13.9.21

DOJ LSP review bad idea, politically moot

All of the chief of the Louisiana State Police, the Louisiana Legislative Black Caucus, and the state’s only Democrat elected to federal office all are open to, if not asking for, a U.S. Department of Justice “pattern or practice” review of the LSP. Bad idea, the data show, and politics may torpedo it in any event.

In July, the Caucus put in a formal request for DOJ to perform this, where the agency looks for a “pattern or practice” of action by a law enforcement agency that violates either constitutional protections or federal laws. It comprehensively evaluates the law enforcement agency’s written policies and actual practices, including its systems for training, equipping, and supervising officers; how it collects and uses data to identify and address problems; its systems for holding officers accountable for misconduct; and the degree of accountability to community voices and democratic government.

The request was spurred by media revelations of highly questionable LSP officer conduct in the traffic stop of Ronald Greene, a black motorist on the road in northeast Louisiana, that appears to have contributed to his death incident to an arrest. Other internal LSP documents also obtained through information requests revealed additional sketchy incidents over the past decade where allegedly excessive force was used.

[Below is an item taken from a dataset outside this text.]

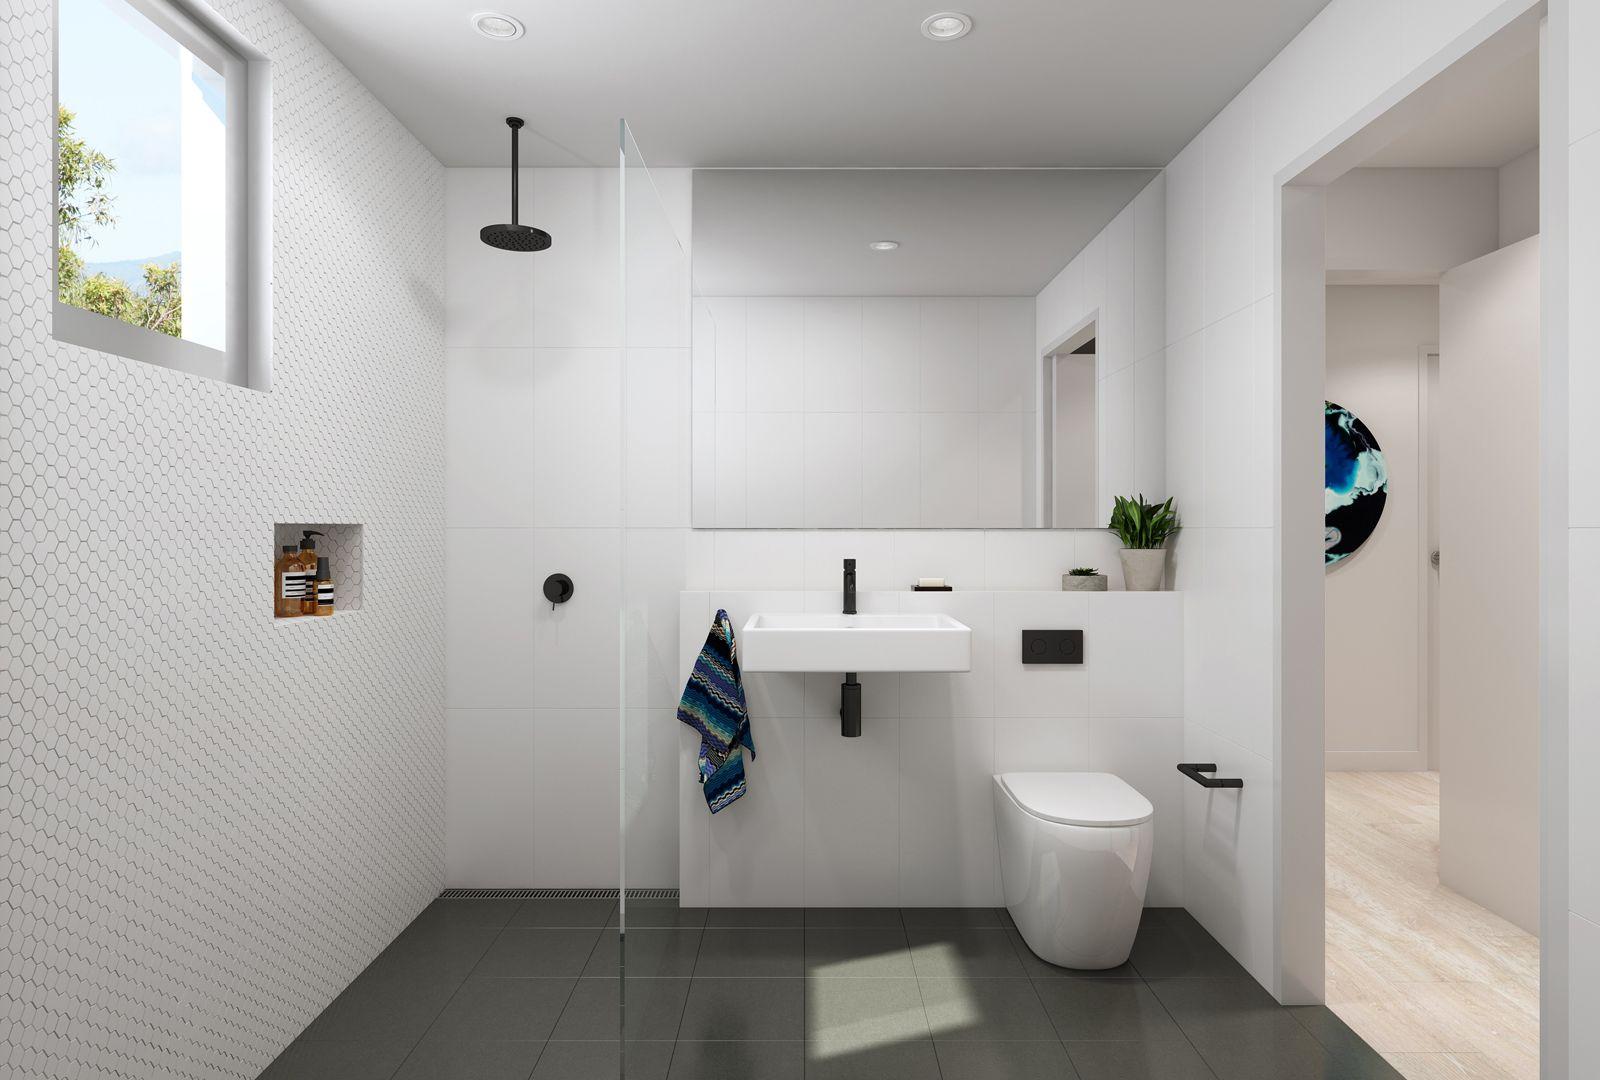 39 Phillip Street, Newtown, NSW 2042, Image 4

Worse, evidence showed some administrators acted indifferently to their oversight duties while some front-line troopers appeared to engage in a pattern of obfuscation to hinder such review. Departmental records also show two-thirds of uses of force occurred against black suspects, a statistic along with the media revelation which caught the attention of black Democrat Rep. Troy Carter who joined the call for investigation; Carter as a New Orleans politician has seen this play out in the city that ended up with a consent decree covering its police department spurred by such a review.

LSP Commander Col. Lamar Davis, in addressing the controversy, averred he wouldn’t oppose such an investigation. However, he said he didn’t think agency problems rose to a level necessitating such an intervention and that a better strategy allowed for the agency to hire outside auditors.

The data back him on this. Researchers last year studied 27 such investigations, some of which were performed by state agencies, which they divided into 22 that had come about with little media attention and five triggered by a “viral event,” or an incident that received extensive legacy and social media scrutiny. For the 22, they discovered announcement of an investigation had no negative impact on the murder or crime rate in those jurisdictions.

However, the other five displayed strongly negative effects after announcement. Homicide and crime rates rose dramatically and without decline for a couple of years, at levels that would equate to nearly 1,000 additional homicides and almost 55,000 more total crimes in a jurisdiction with Louisiana’s population in that time span. Researchers attribute this to a significant decline in policing quantity out of fear by patrol officers and superiors that anything but passive policing would exacerbate accusations of constitutional violations.

The Greene death and the media publicity that followed, even if coming a year and more later, clearly mark this as a viral event. And although LSP activities differ somewhat from those standard at the local LEA level, the data indicate commencing a DOJ investigation likely would trigger a serious increase in crime on Louisiana byways and in the few areas the LSP directly polices – with consequences the authors note, for example, of more blacks dead from crime in just two years than of black suspects at the hands of police that occurred over the several previous decades.

Opening this kind of investigation of the LSP also would be a first for the DOJ. It never has conducted one on a state agency, although it did investigate territorial law enforcement in Puerto Rico and the Virgin Islands.

Certainly, the disturbing revelations call for some kind of review to determine whether incidents of misconduct were isolated, but involving the DOJ would cause detrimental side effects. In the final analysis, the question may be moot for political reasons, because the Democrat Pres. Joe Biden Administration in conducting such an investigation might find a potential coverup of the Greene death going all the way to the top of the Democrat Gov. John Bel Edwards Administration.